Interesting thoughts. (Does the cat agree?)
A slight, but not complete tangent is what journals do. When we at Nature receive a paper with “considerable” (non-standard) stats in it, we ask a specialist statistician to peer-review it along with the more directly subject-related peer-reviewers. But even very basic stats, such as defining error bars, famously don’t get included in many submitted papers — and the odd one has even crept through the entire process to publication without anyone noticing. The Nature journals have created a statistical checklist for authors which is at our guide to authors (no 3f) and which we ask all authors to read at the revision stage of their manuscript. We receive practically no feedback about this list.
It is surprising to me that very, very basic stats are often omitted or misused in submitted papers – by “basic” I mean saying whther an error bar is a standard deviation or standard error.
Does the cat agree?
Scottish tangent.
My tropical fish hasten to add that this is only a partially unrelated comment.
But in so far as far as “The Monster” and my musicy interests go, Bob O’H and cat may enjoy this offering from The Automatic. Yes, very 2007 but the track/vid is cool IMHO.
Thoughtful post, Bob. Fancy moving to Sydney?
Maxine – don’t get me started on refereeing. As you can imagine, I review quite a few papers for statistical content. The one thing I would say is that it can be rewarding to see a paper come back with the science improved (e.g. the results made clearer) because I’ve suggested using a better statistical approach.

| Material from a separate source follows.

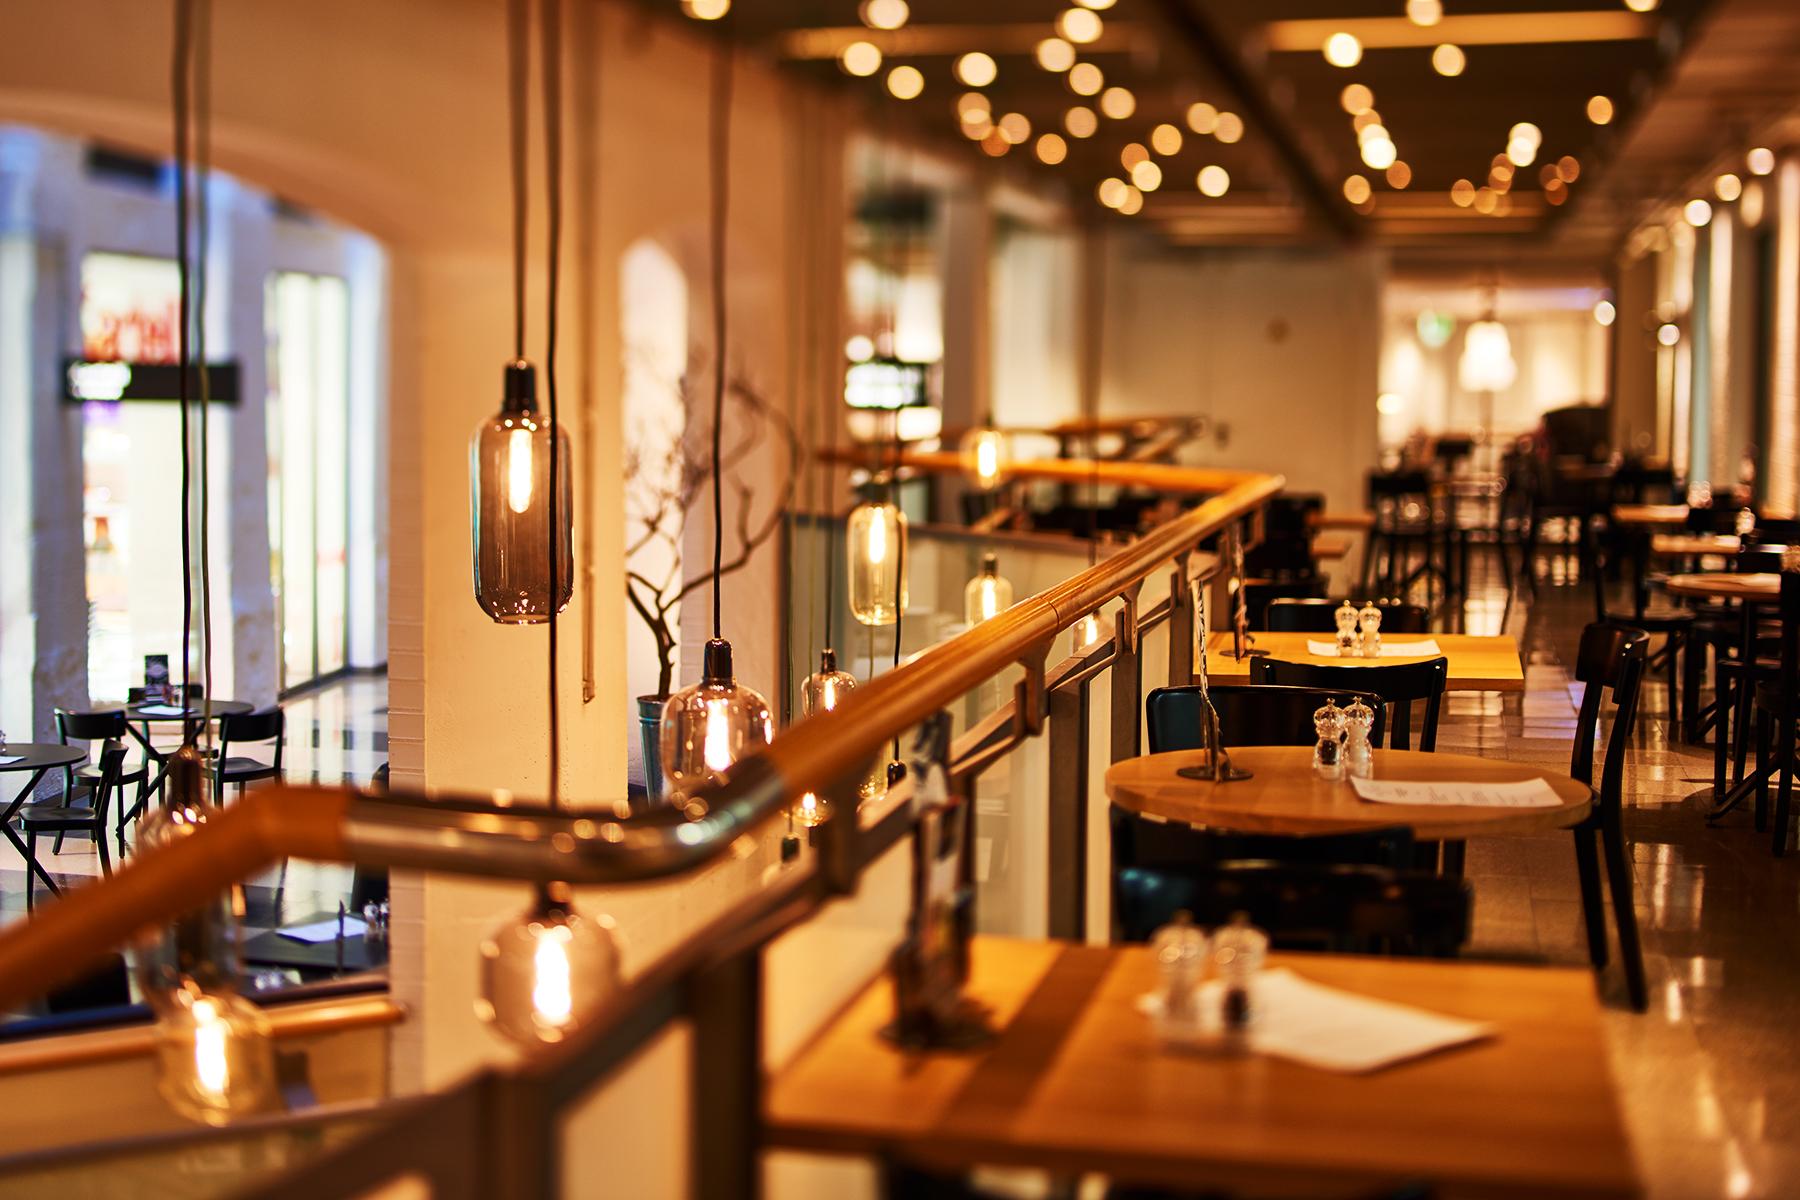 ber uns italienisches restaurant in hamburg ristorante vincenzo. Black Bedroom Furniture Sets. Home Design Ideas
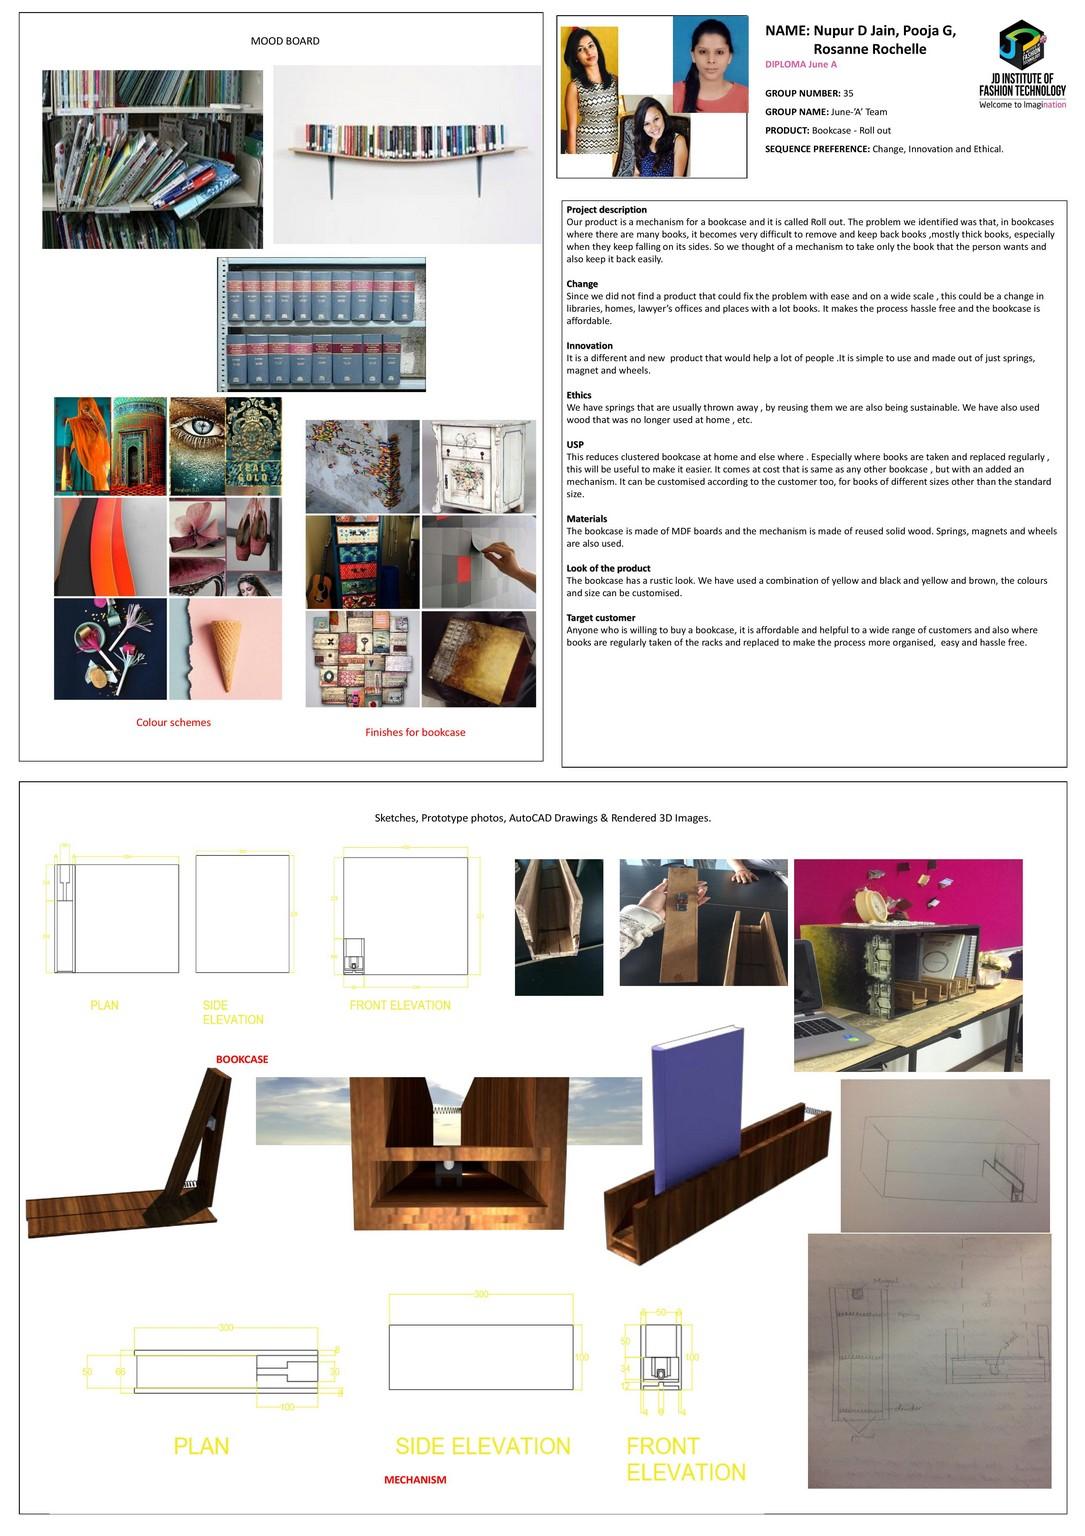 Rustic Bookcase– Change – JD Annual Design Awards 2018 | Designer: Rosanne Rochelle, Pooja G, Nupur D Jain | Photography : Jerin Nath (@jerin_nath)  rustic bookcase - rustic bookcase1 - Rustic Bookcase– Change – JD Annual Design Awards 2018

Graham – I enjoyed it. Jack is more of a metal-head. He also insisted that there is a difference between a monster and a beast, and he would never do anything monstrous. Actually, I think he doesn’t like being called The Beast, but doesn’t complain because he knows who cleans out the litter tray.
Richard – I wouldn’t complain, but the reason the Beast (sorry, Jack) is with me is that he didn’t want to return to Melbourne.
I think every institute should have a dedicated bioinformatics facility where there is a small team of skilled, paid people who deal with the problems that the resident biologists need help with. Of the two institutes where I’ve worked that had such facilities, I had great experiences. This gets around the problem I frequently seen of running across bioinformatical problems that are just too time-consuming to compensate with a slice of blueberry pie, a middle co-athorship and a pat on the back.
You get what you pay for.
he didn’t want to return to Melbourne.
I can understand that.
What can you do? Shared and enforced coffee facilities. Does wonders for getting the right people talking together.
Melbourne? Yes, I see that. But then if we had a choice to make we’d probably move back to Canberra, make of that what you will ๐
Canberra? Name rings a bell. Can’t for the life of me think why.
Suburb of Wollongong I think. Never made it into your word of the week though…
Oh yes, I think I’ve driven past it a couple of times…
Neither Canberra nor Wollongong made it, but ‘Tuggeranong’ did. I should revisit that concept (word of the week, that is).